Кремневые ружья, которыми была вооружена наша пехота, не имели ни одного качества, необходимого для верной стрельбы: они отдавали так сильно, что люди боялись прикладывать к ним щеку, без чего нельзя было палить; патрон, болтаясь в дуле, также мешал верному полету пули, а частые осечки, зависевшие от кремня или от плохого состояния боевой пружины, редко позволяли надеяться на то, что ружье действительно выстрелить. Менее всего обращали тогда внимание на стрельбу, обучая солдат одним темпам да маршировке в три приема, будто в этом заключалась вся загадка непобедимости. Кроме того, существовал между ними предрассудок, что не следует метить в противника, для того чтобы самому не быть убитым, что пуля найдет виноватого, по воле Божией. Поэтому люди стреляли весьма дурно, мало надеялись на ружье как на способ бить неприятеля издали, предпочитая действовать штыком.

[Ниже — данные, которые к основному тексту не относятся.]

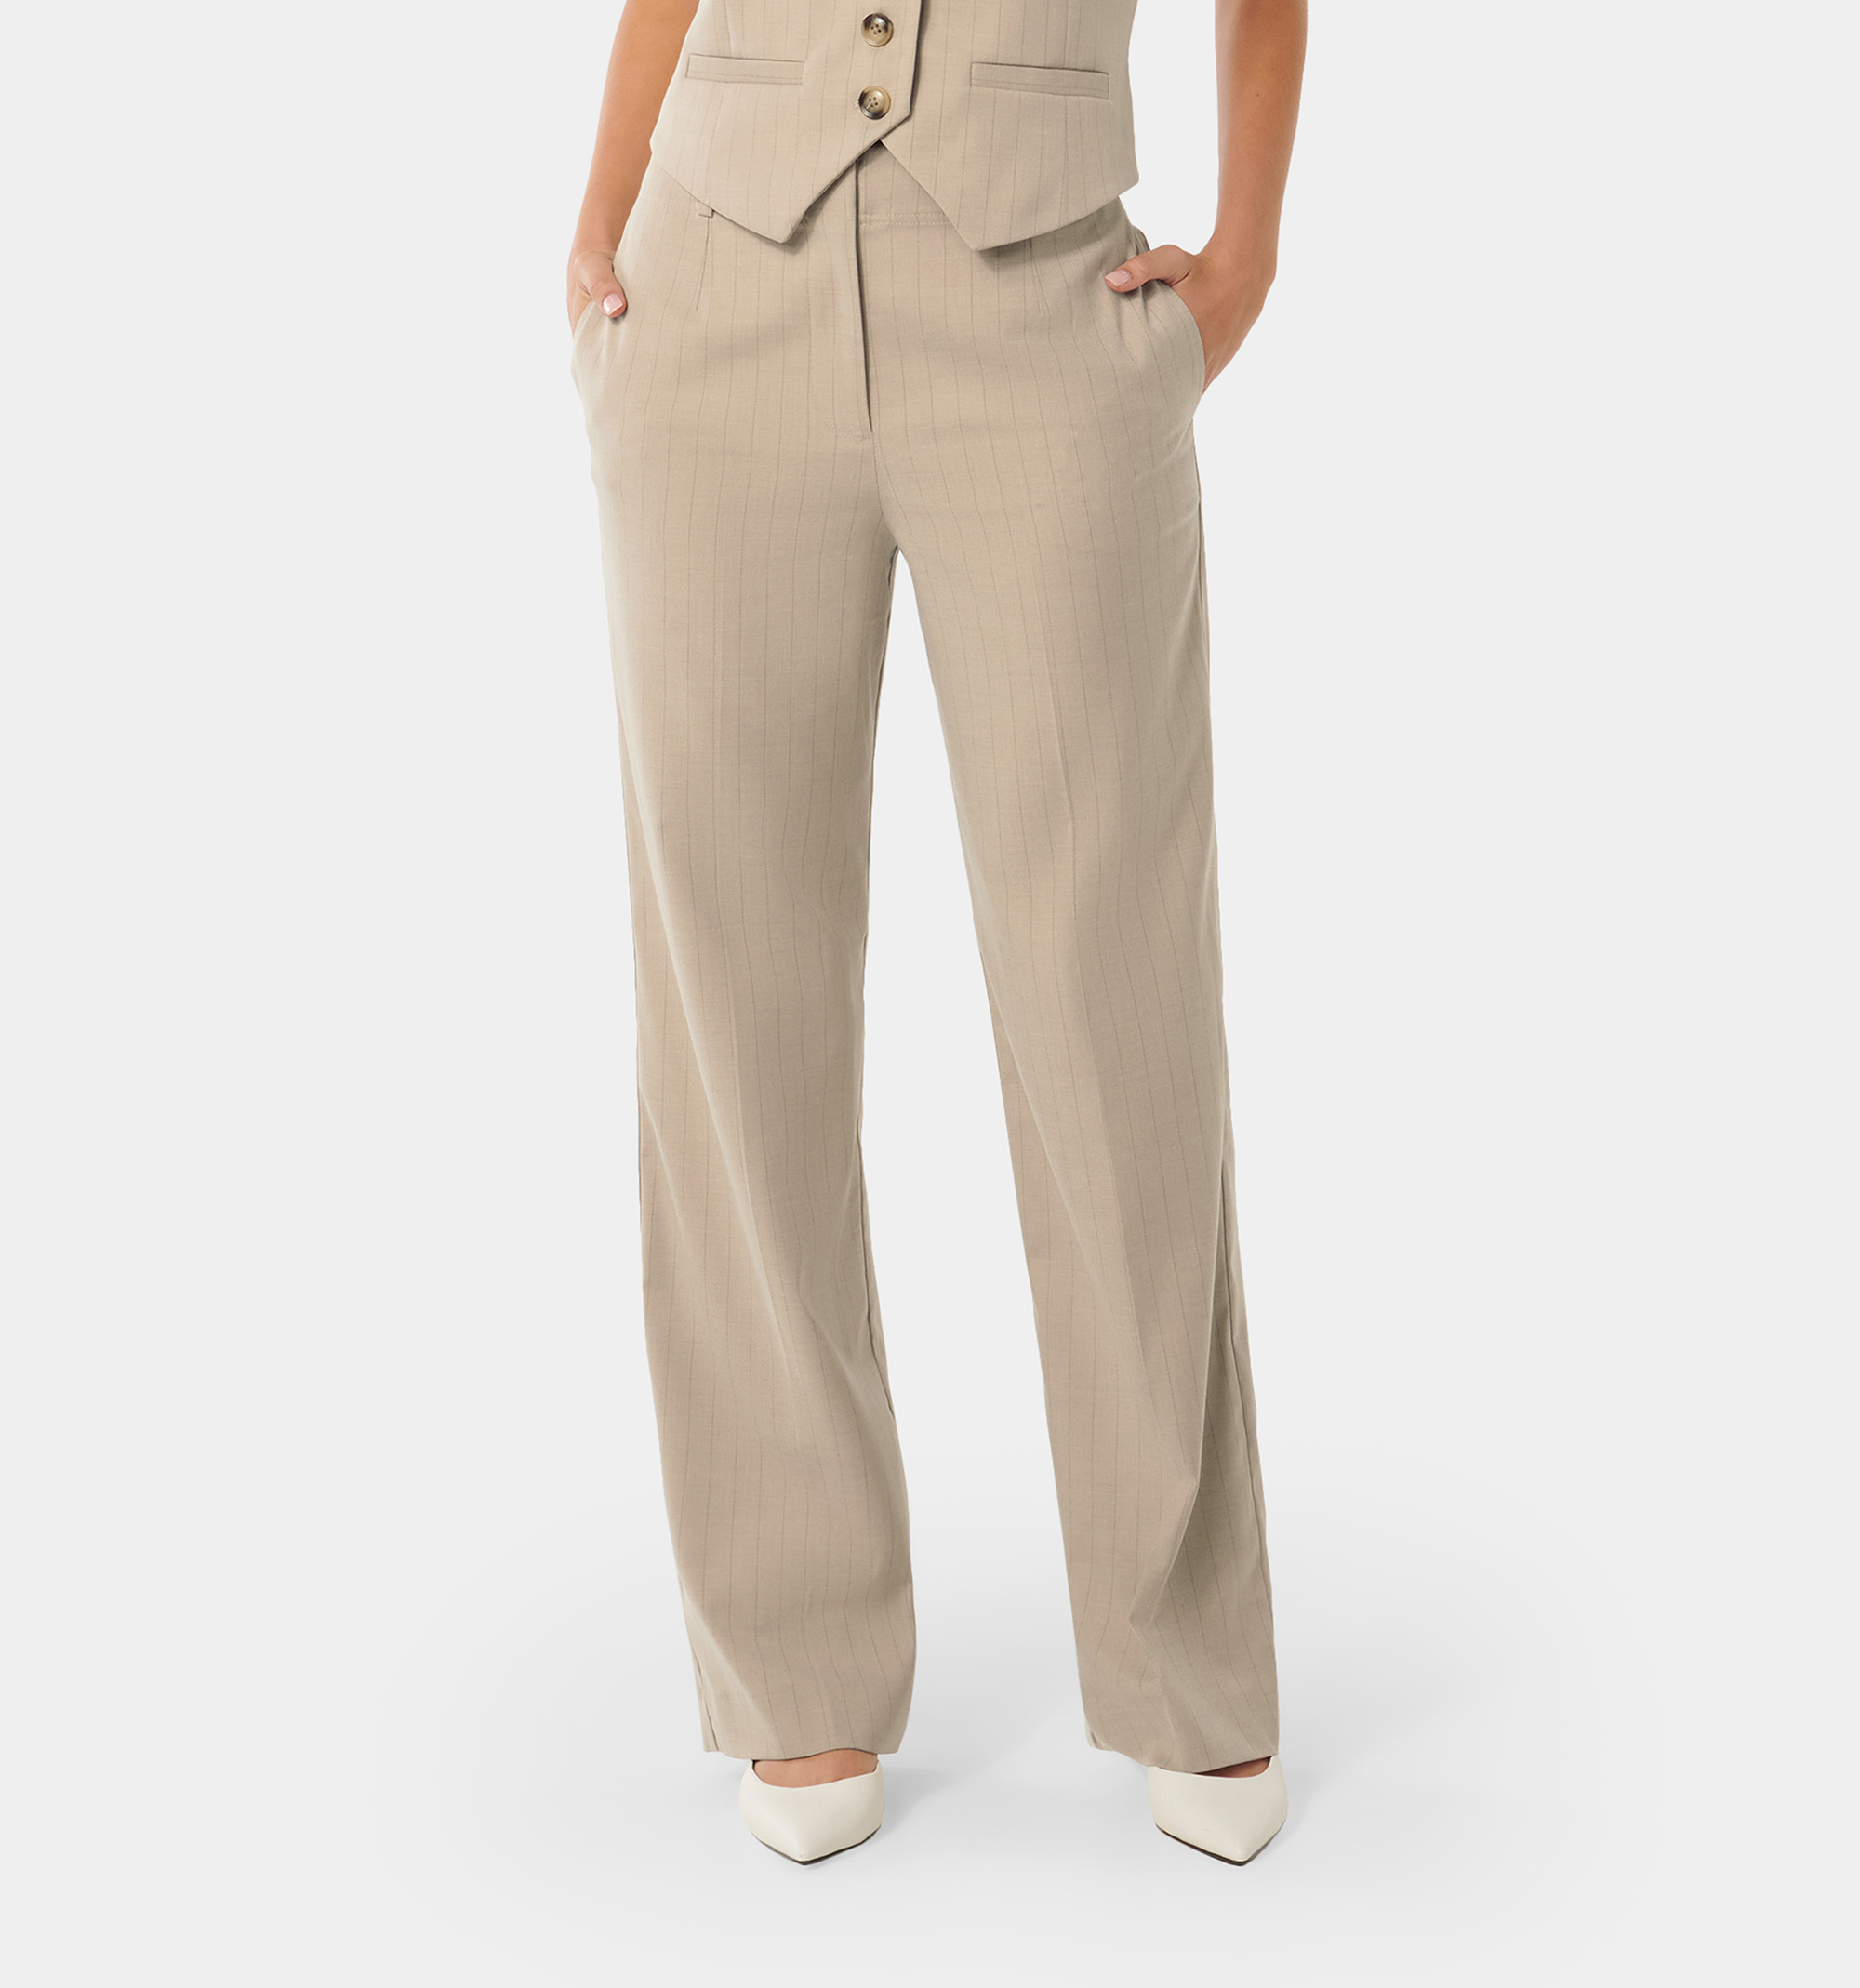 Forever New Emmie Straight Leg Pant in Pinstripe Suit

Сам охотник до стрельбы и, кроме того, питая самолюбивое желание отличиться моим уменьем, я занялся делом с жаром; принялся выверять ружья сколько было возможно, учить солдат охотничьими приемам цельной стрельбы и через короткое время дошел до того, что пули перестали перелетать через мишень, хотя, правду сказать, в яблоко попадали одни случайные выстрелы. Полковник, узнав об этом успехе, сам заинтересовался методой моего обучения и стал приходить каждый раз смотреть на стрельбу.

Остальное время тянулось с убийственным однообразием, изредка прерываемое обедами у полкового командира, приглашавшего к себе поочередно всех офицеров, и копеечным бостоном у адъютанта  или у казначея, потому что Старое не допускал в полку азартной игры и в этом случае поступал весьма рассудительно.

Между тем жаркие дни сменялись сырыми и холодными ночами; выходя на ученье, я подвергался утренней росе, прогонявшей дрожь по всему телу. Мой слабый, почти детский организм не долго мог выдержать сырость и быстрые переходы от жары к холоду; я почувствовал себя нездоровым, но из чувства обязанности не хотел покинуть мое дело. Кончилось тем, что в одно утро болезнь взяла верх над моими усилиями ее преодолеть: в присутствии Старова, пришедшего поглядеть на застрельщиков, я упал на землю без чувств.  В тот же вечер меня перенесли в селение Чирой, служившее помещением для полкового лазарета, и уложили в крестьянской землянке —  бурдейке.

Ко мне приставили фельдшера, но он имел обыкновение пропадать весь день и являлся только перед приходом доктора или полкового командира, навещавших меня каждый день на несколько минут. Все остальное время я лежал совершенно один, потому что и мой денщик находился в лазарете, заболев еще прежде меня. Слабость увеличивалась с каждым часом и дошла наконец до того, что я не имел силы поднять руки. В этом положении мне приходилось переносить кровные обиды, и от кого еще? От кур! Более других обижал меня петух! Привыкнув жить в бурдейке, куры беспрестанно проскакивали то в дверь, то в окна, прорывая бумагу, ходили по мне, клевали меня, а я не имел силы их прогнать, ни голоса чтобы позвать на помощь.

Наконец я погрузился в постоянное забвение, изредка прерываемое фантастическими грезами.